A Python library for managing pSQL database schema using JSON Schema, known as pj's __p__ython __j__son __s__chema.
This library is design to be used with tools like Apache Airflow, to automate the management of managed database schema.
Manually managing database schema can be problematic, especially when multiple teams are working within the same data warehouse environment.
- You become reliant on ensuring everyone uses the same process for migration
- You need a (usually) paid tool to compare your develop and target schema
- Migrations have to be created in order, otherwise they fail
- Reviewing migration PR's can be complex to spot the actual change
pjs solves this by:
- Giving you a clear and declarative representation of a database schema
- Simple tooling for automating the migrations at runtime instead of setup
- Easily setup with any existing pgSQL database
This project takes inspiration from table-schema by frictionlessdata - a json schema representation for tabular data, but didn't extend that to support pgSQL.
python-pjs gives you a clear and declarative way of describing a pgSQL table, and a set of tooling that allows you to compare and migrate the JSON schema to a database schema.
Begin by describing your schema with JSON, for example:
{
"sample_table": {
"schema": {
"field": {
"type": "bigint",
"nullable": false,
"max_length": 100,
"default_value": "now()"
}
},
"primary_key": {
"fields": ["id"],
"constraint": "pkey"
},
"indexes": {
"index_name": {
"type": "btree",
"unique": true,
"fields": ["field1", "field2"]
}
},
"permissions": {
"user_or_role": ["ALL"]
}
}
}
You can easily reverse engineer an existing database schema too:
from pypjs import TableDefinition
db = psycopg2.connect()
definition = TableDefinition(schema, table, db)

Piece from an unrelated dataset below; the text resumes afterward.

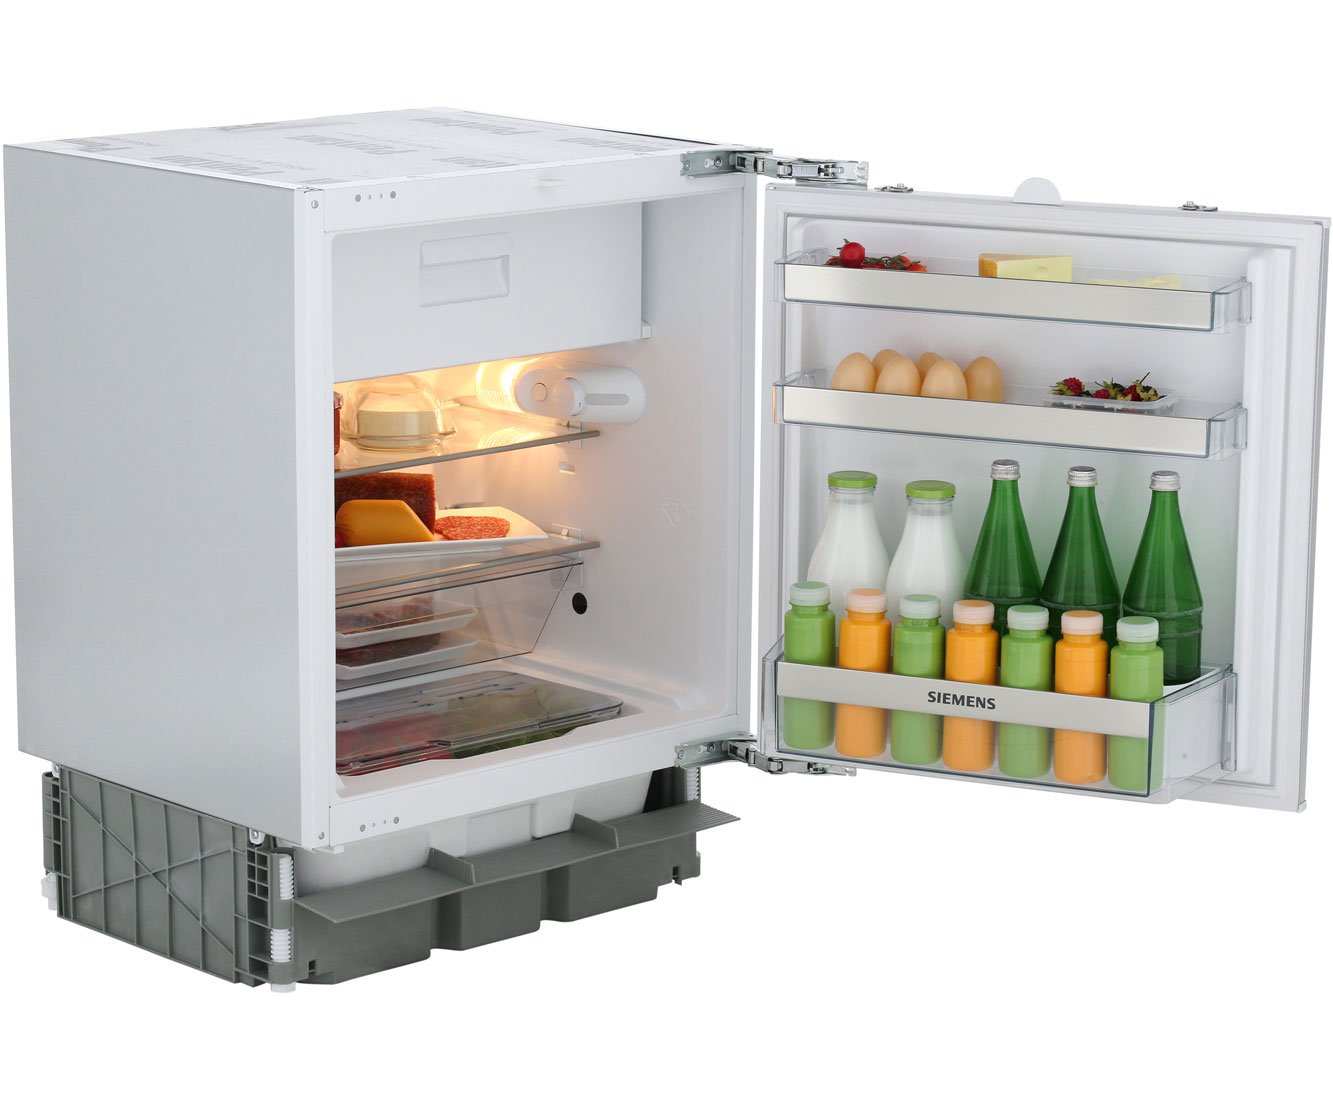 Aeg Kühlschrank Ohne Gefrierfach Unterbaufähig : Unterbau kühlschrank preisvergleich u die besten angebote online

print definition.to_json()
You can then compare your schema, to get a migration breakdown:
from pypjs import CompareSchema
db = psycopg2.connect()
migrations = CompareSchema(my_json_schema, db)
migrations.run()
Generate definitions for a table
db_conn = psycopg2.connect() definition = TableDefinition(schema, name, db_conn)
schema : str - The DB schema the table lives in
name : str - The name of the table to describe
db_conn : connection - A psycopg2.connection object
schema : str The DB schema the table lives in
name : str The name of the table to describe primary_key_definition : PrimaryKeyDefinition The tables primary key definition
column_definitions : list A list of ColumnDefinition's for the table
index_definitions : list A list of IndexDefinition's for the table
permission_definitions : list A list of PermissionDefinition's for the table
Returns the json schema for the table. If set_defaults = true then outputs default values for all valid attributes.
A structured component that describes a table column
Returns the json schema for the table. If set_defaults = true then outputs default values for all valid attributes.
Used to validate and load pjs schema files. Once loaded you can unpack a TableDescribe definition.
# Validate a schema
try:
validate_schema({'your':'schema'})
except jsonschema.ValidationError:
# Yikes, time to investigate
# Or load and validate
spec = JsonSpec(filepath="my_table.json")
dumps(spec.TableDefinition.to_json())
This project uses docker-compose to build and run linting and tests. After pulling the project, you can run the following commands:
flake8 linting docker-compose run lint
pytests docker-compose run tests
If you'd like to contribute, please open a branch and create a PR.